The data>
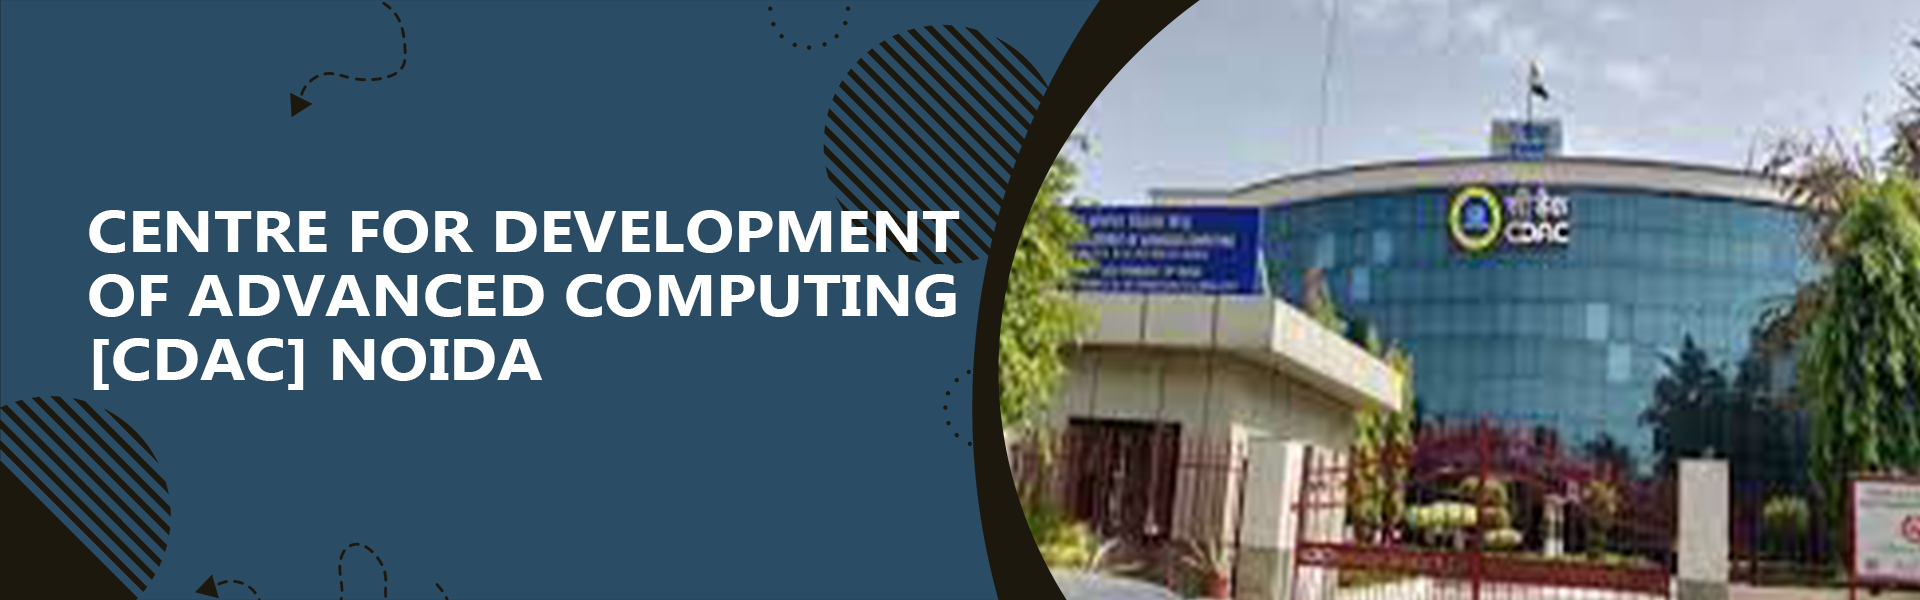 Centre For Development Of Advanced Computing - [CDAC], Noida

--

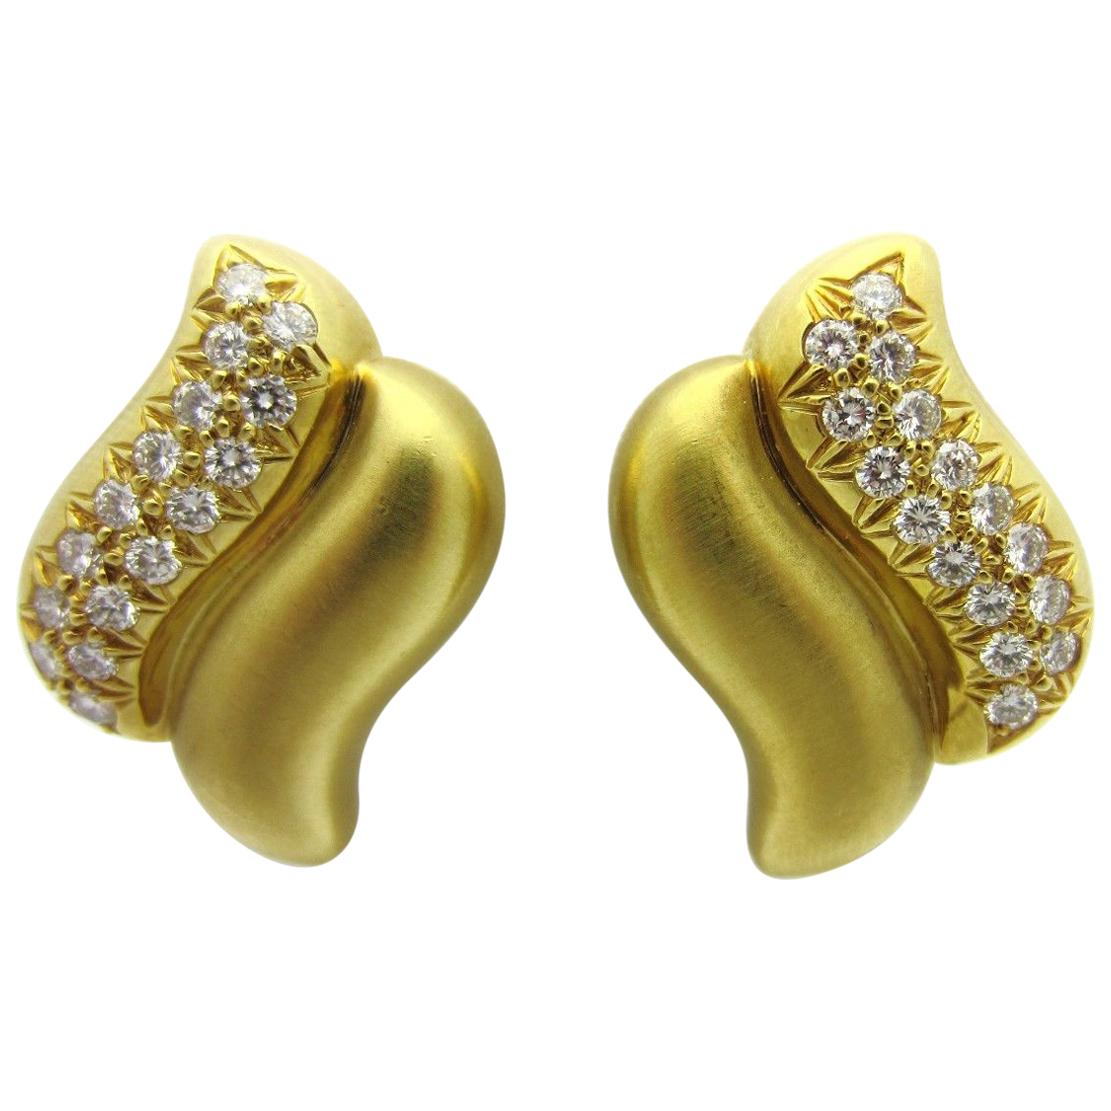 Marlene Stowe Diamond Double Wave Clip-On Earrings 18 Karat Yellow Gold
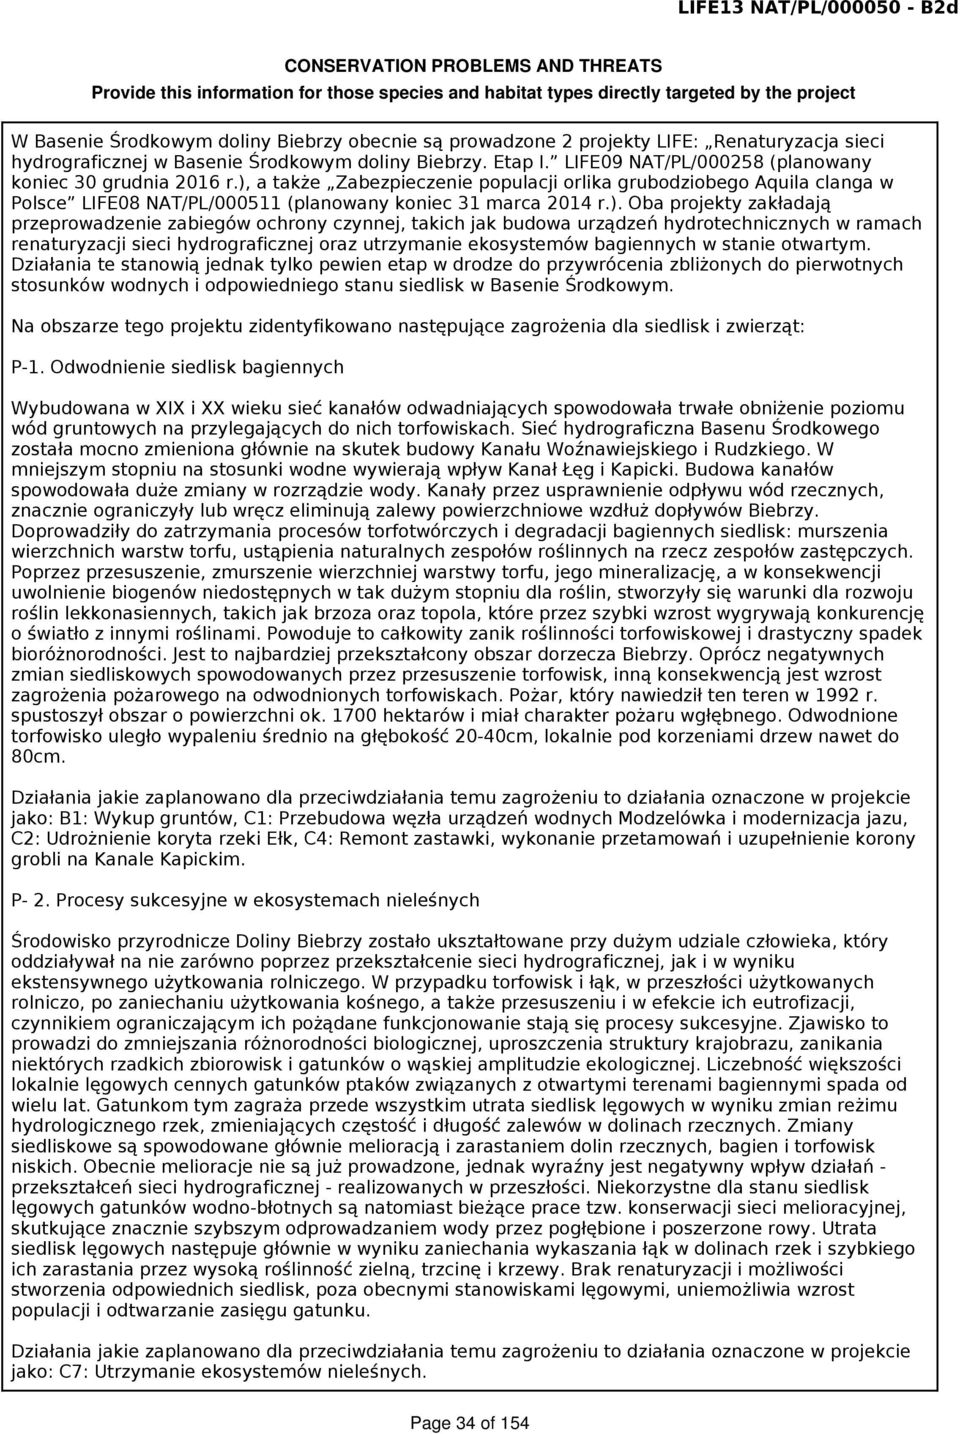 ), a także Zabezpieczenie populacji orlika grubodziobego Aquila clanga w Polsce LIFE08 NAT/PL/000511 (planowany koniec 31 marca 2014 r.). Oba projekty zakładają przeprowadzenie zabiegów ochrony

* * *

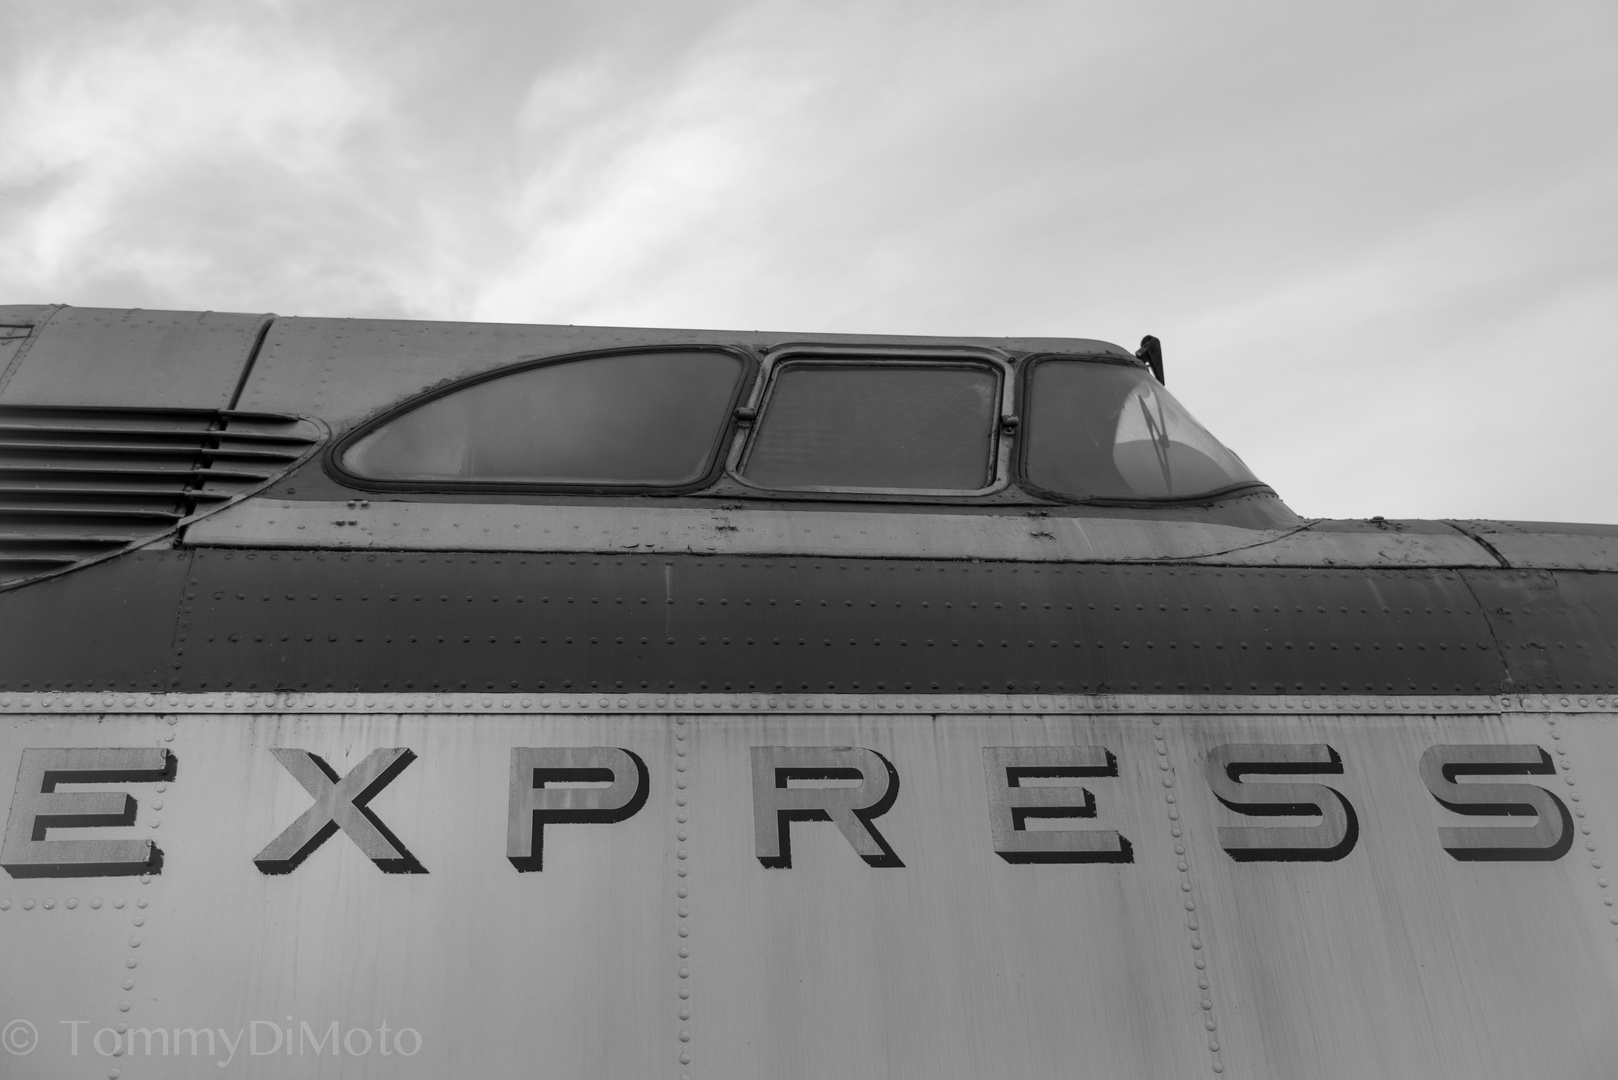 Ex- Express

Task> Would you please reproduce the entries above, starting at the line with "Marlene Stowe Diamond" and stopping after the line with "przeprowadzenie zabiegów ochrony"? Omit any pictures.

Task output>
 Marlene Stowe Diamond Double Wave Clip-On Earrings 18 Karat Yellow Gold
 ), a także Zabezpieczenie populacji orlika grubodziobego Aquila clanga w Polsce LIFE08 NAT/PL/000511 (planowany koniec 31 marca 2014 r.). Oba projekty zakładają przeprowadzenie zabiegów ochrony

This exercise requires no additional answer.